The screenshot provided in the above post illustrates that a maximized window on Mac still shows the "Maximize" icon. A work-around for this behavior is to double-click the title bar, or to use the context menu from the opposite corner.
@tresf Can you provide a full screen screenshot? I think, I have a clue what's happen on mac with the title bar. On Linux the title bar disappear and these three buttons are shown in the main window menu bar. I think, on mac there isn't a main menu bar. BTW I wonder, what's happen on Ubuntu with Unity? In Unity the menu main bar looks similar to the mac. I have to check that. That's on Gnome:
On Unity it's ugly but no bugs:
It's really strange: you can drag this bar and drop it on all four edges of the window or have it as floating window. Canonical hacks a lot only for looking like mac. :clap:
@BaraMGB what you are describing is correct, the title bar stays on Mac.

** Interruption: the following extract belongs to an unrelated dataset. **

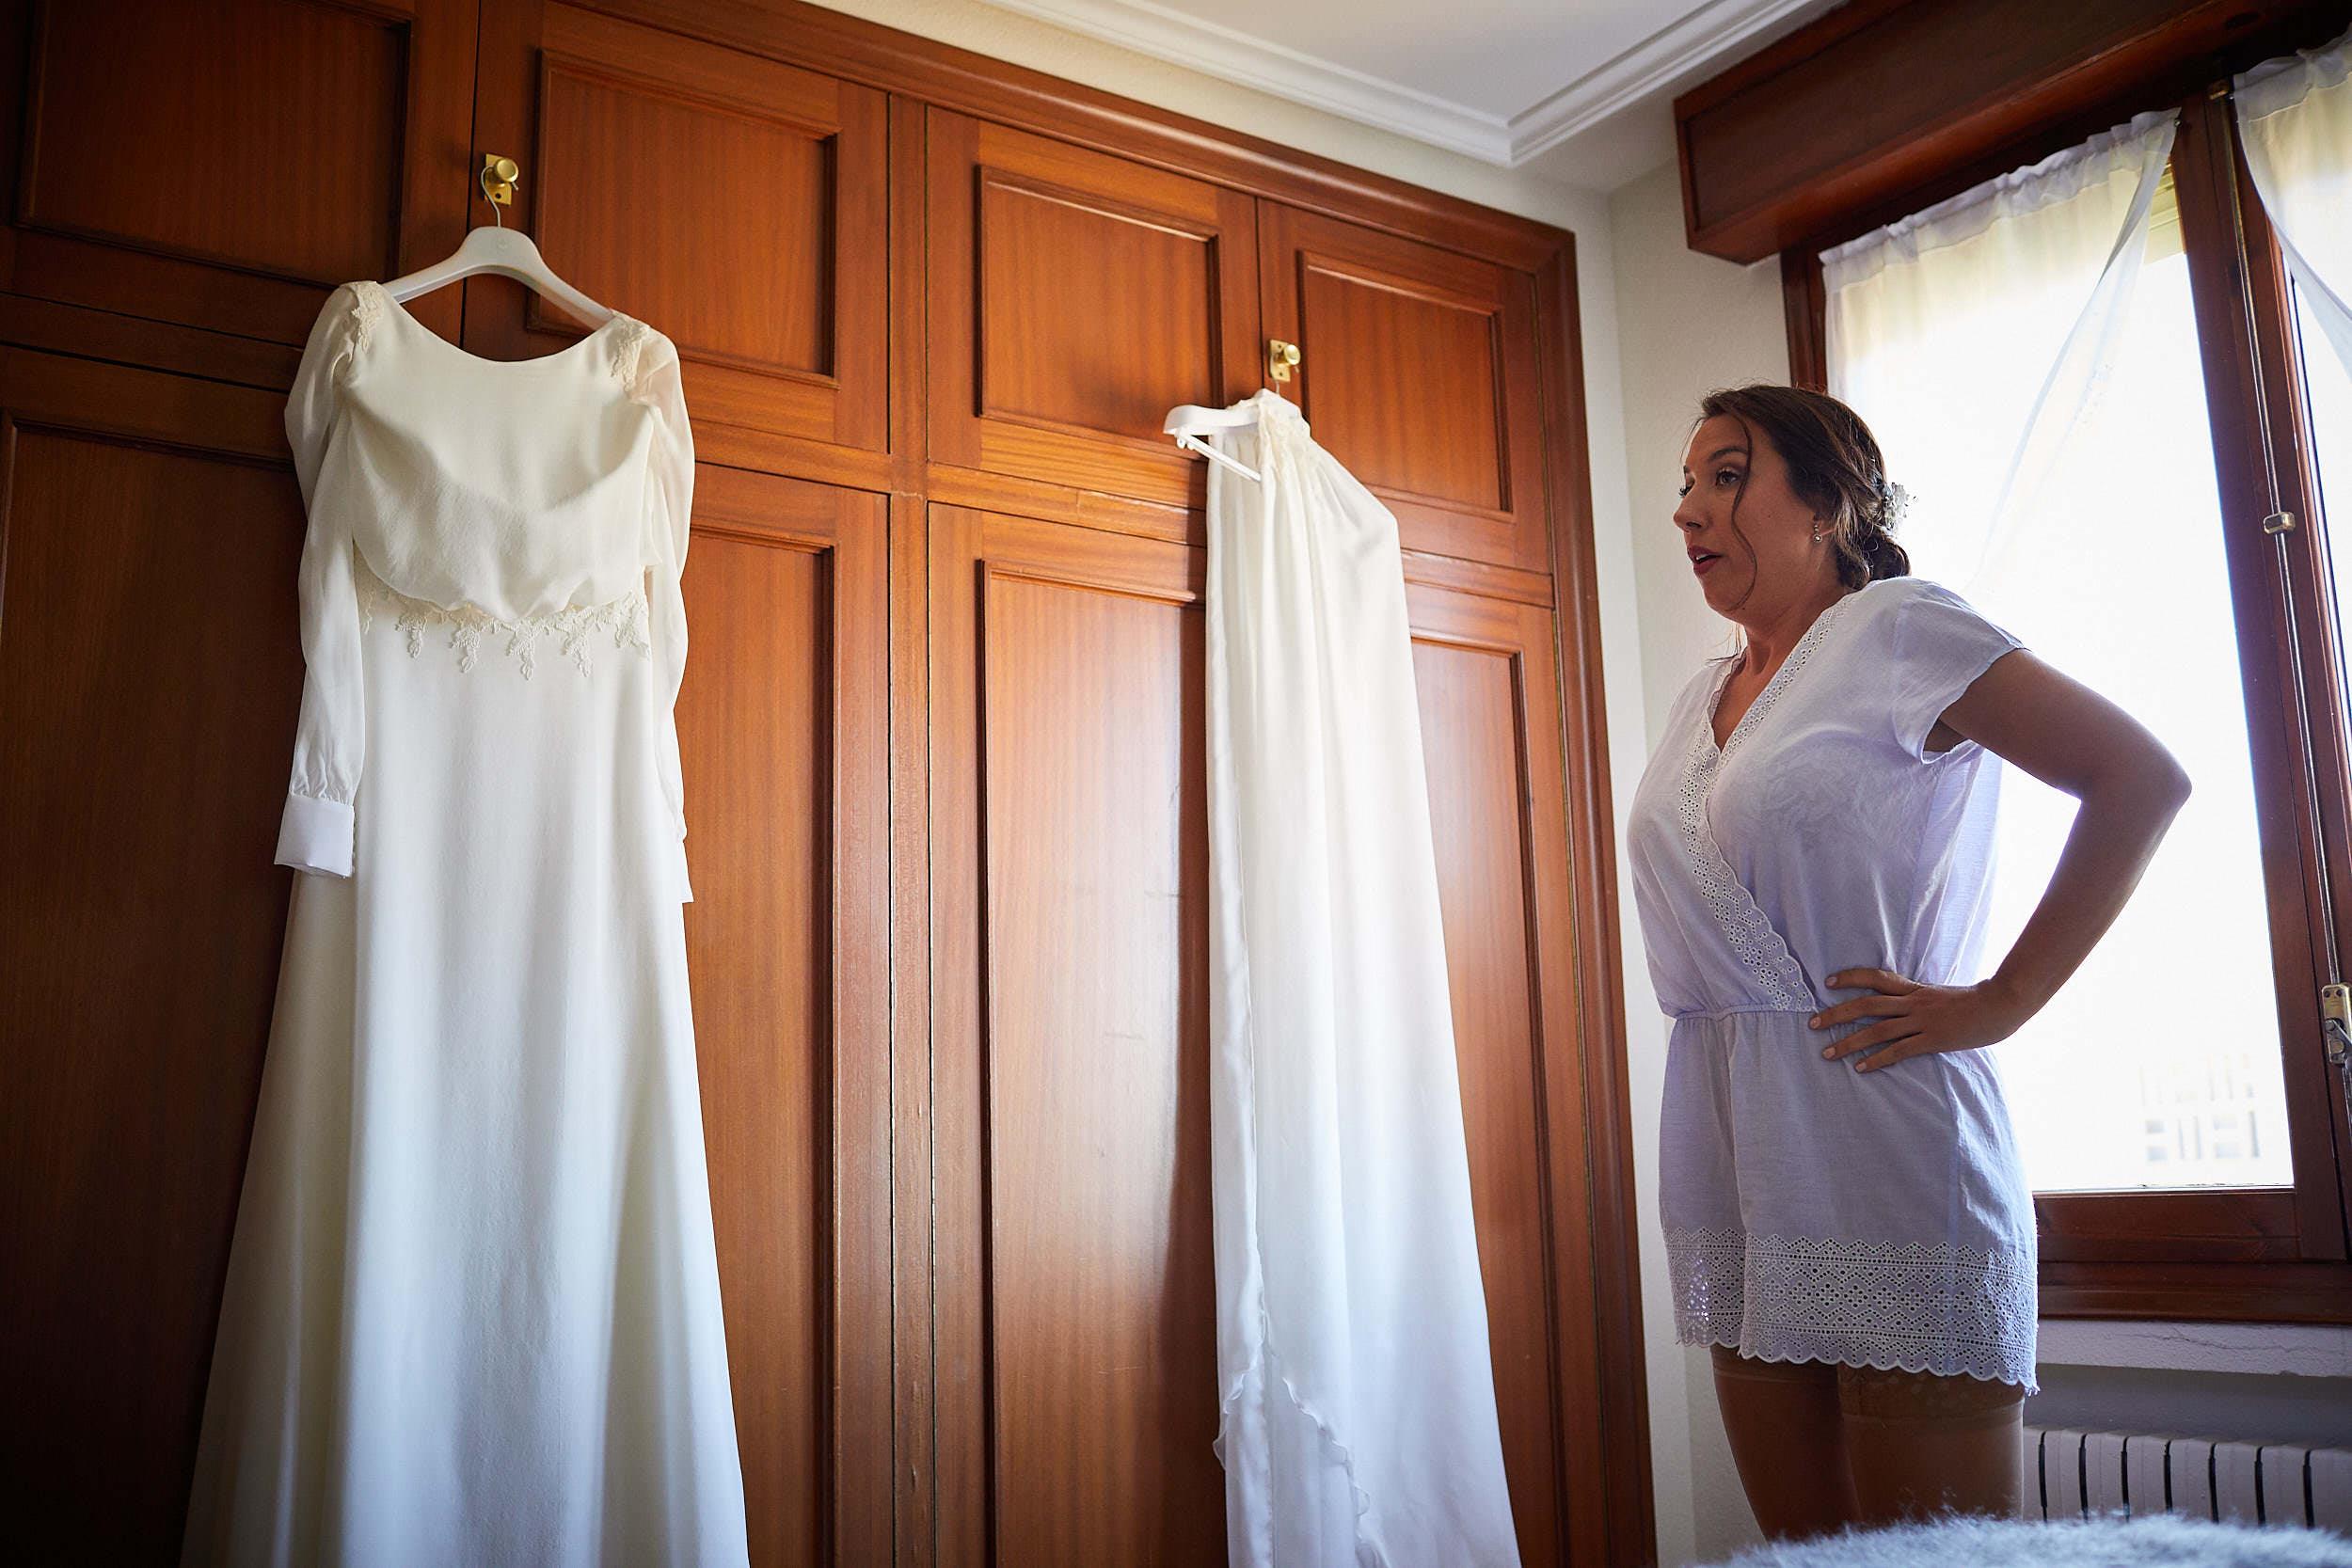 Rioja Wedding Photographer Isobel David Palacio Casafuerte Zarraton La Rioja Spain James Sturcke Photographer sturcke.org_00003.jpg

Is this something we can accommodate?
P.S. we turn off the Unity behavior in our desktop shortcut:
https://github.com/LMMS/lmms/blob/master/cmake/linux/lmms.desktop#L9
@tresf I have tried to fix that blind. Can you test this branch? Or should I make a pull request yet? https://github.com/BaraMGB/lmms/tree/SubWindowDecoMac
Quick testing.... No luck with this patch. Doesn't seem to enter the block as the maximize button never changes to the restore button.
m_maximizeBtn->show();
+ if( isMaximized() )
+ {
+ m_maximizeBtn->hide();
+ m_restoreBtn->move( middleButtonPos );
+ m_restoreBtn->show();
+ }
}
@tresf I think about it.
Okay, next try. I implemented an own restore slot. Sorry, new branchname : https://github.com/BaraMGB/lmms/tree/SubwindowDecoMac @tresf
LMMS is built using Qt and and it uses Qt's QMdiArea (MDI stands for Multiple Document Interface). Every window inside LMMS is a QMdiSubwindow, and they are not themeable using CSS. Their look is hard-coded in the Qt settings for your PC
A solution someone mentioned would be to actually render frameless windows and then draw a custom titlebar on top of them.